10.49 Geometrically integral algebras

Here is the definition.

Definition 10.49.1. Let $k$ be a field. Let $S$ be a $k$ -algebra. We say $S$ is geometrically integral over $k$ if for every field extension $k'/k$ the ring of $S \otimes _ k k'$ is a domain.

Any question about geometrically integral algebras can be translated in a question about geometrically reduced and irreducible algebras.

Lemma 10.49.2. Let $k$ be a field. Let $S$ be a $k$ -algebra. In this case $S$ is geometrically integral over $k$ if and only if $S$ is geometrically irreducible as well as geometrically reduced over $k$ .

Proof. Omitted. $\square$

Lemma 10.49.3. Let $k$ be a field. Let $S$ be a $k$ -algebra. The following are equivalent

$S$ is geometrically integral over $k$ ,
for every finite extension $k'/k$ of fields the ring $S \otimes _ k k'$ is a domain,
$S \otimes _ k \overline{k}$ is a domain where $\overline{k}$ is the algebraic closure of $k$ .

Proof. Follows from Lemmas 10.49.2, 10.44.4, and 10.47.3. $\square$

Lemma 10.49.4. Let $k$ be a field. Let $S$ be a geometrically integral $k$ -algebra. Let $R$ be a $k$ -algebra and an integral domain. Then $R \otimes _ k S$ is an integral domain.

Proof. By Lemma 10.43.5 the ring $R \otimes _ k S$ is reduced and by Lemma 10.47.7 the ring $R \otimes _ k S$ is irreducible (the spectrum has just one irreducible component), so $R \otimes _ k S$ is an integral domain. $\square$

Comments (6)

Comment #306 by UT on September 08, 2013 at 17:54

I think it should be $S \otimes_k k'$ instead of $R \otimes_k k'$ in the definition.

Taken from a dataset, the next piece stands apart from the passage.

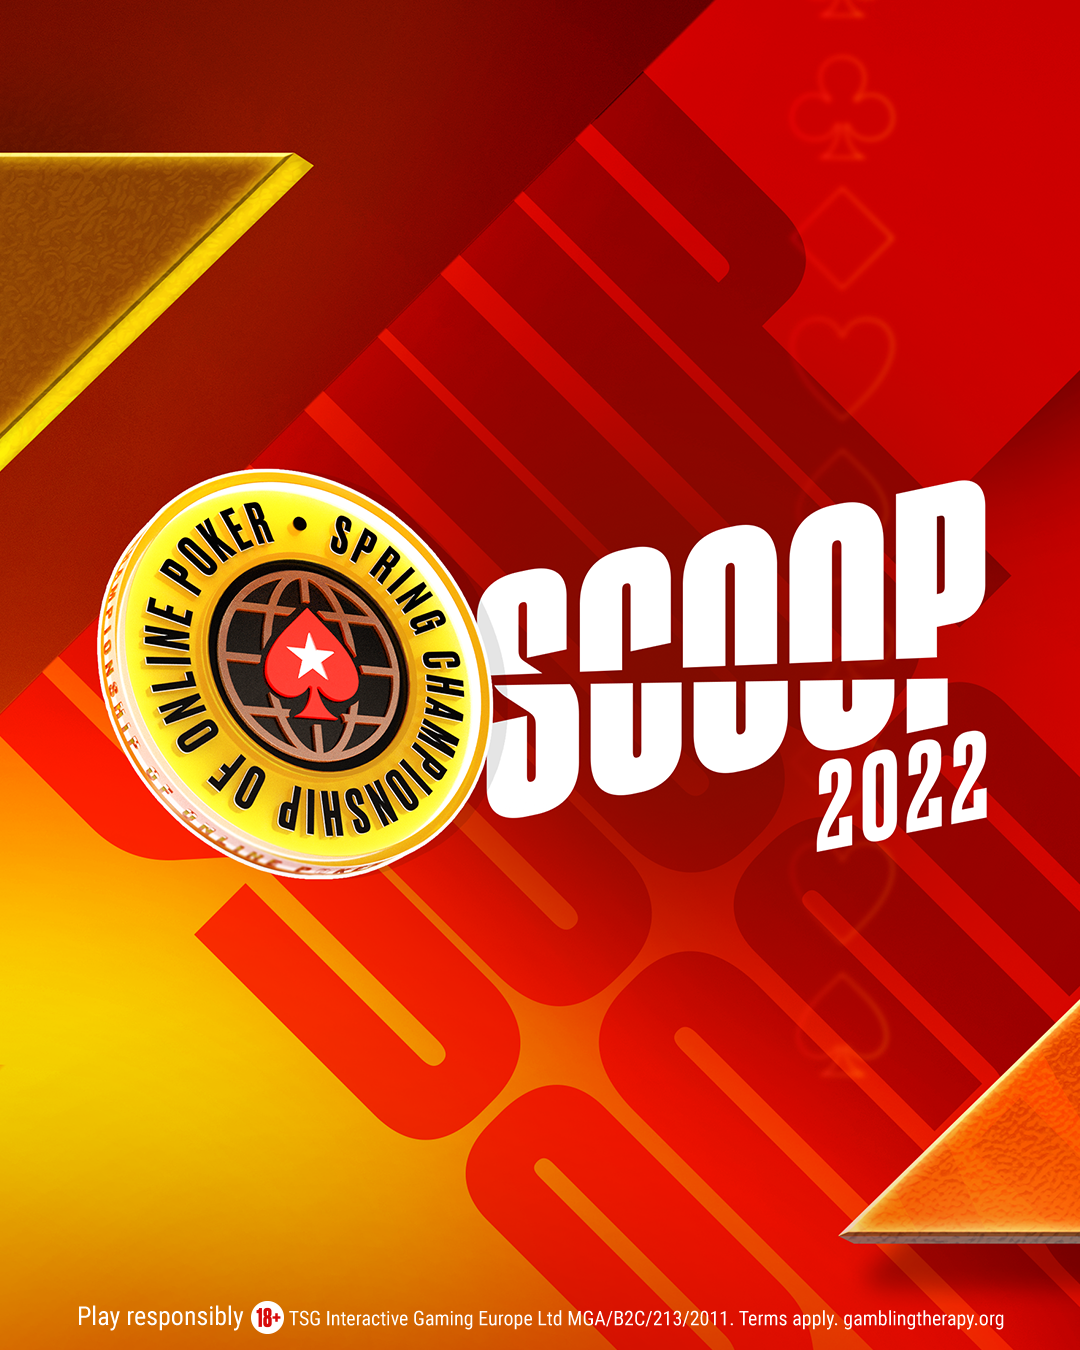 SCOOP 2022 vertical banner

Comment #307 by UT on September 08, 2013 at 18:01

Perhaps it is useful to add the following lemma (similar to 034N and 037O): Let $k$ be a field. Let $S$ be a geometrically integral $k$ -algebra. Let $R$ be any integral $k$ -algebra. Then $R \otimes_k S$ is integral.

Proof: By 034N $R \otimes_k S$ is reduced and by 037O $R \otimes_k S$ is irreducible (it has just one irreducible component), so $R \otimes_k S$ is integral.

Comment #308 by Johan on September 12, 2013 at 19:22

OK, here is the commit. Thanks!

Comment #4656 by Hao on November 11, 2019 at 09:40

A possibly helpful equivalent definition: If $A$ is a $k$ algebra, then $A$ is geometrically integral iff $A\otimes_k \overline{k}$ is a domain.

Comment #4658 by Johan on November 11, 2019 at 15:41

Although you are right that it is equivalent, it is not completely trivial to see the equivalence. The corresponding result for "geometrically reduced" is Lemma 10.44.4 and the corresponding result for "geometrically irreducible" is Lemma 10.47.3 except that unfortunately it is missing the part where we say it is enough to look for the spectrum of $A \otimes_k \overline{k}$ to be irreducible with $\overline{k}$ equal to either the algebraic closure or the separable algebraic closure. I will add this the next time I go through the comments.

Comment #4797 by Johan on December 10, 2019 at 10:18

Thanks again. I have no added the necessary material in this commit.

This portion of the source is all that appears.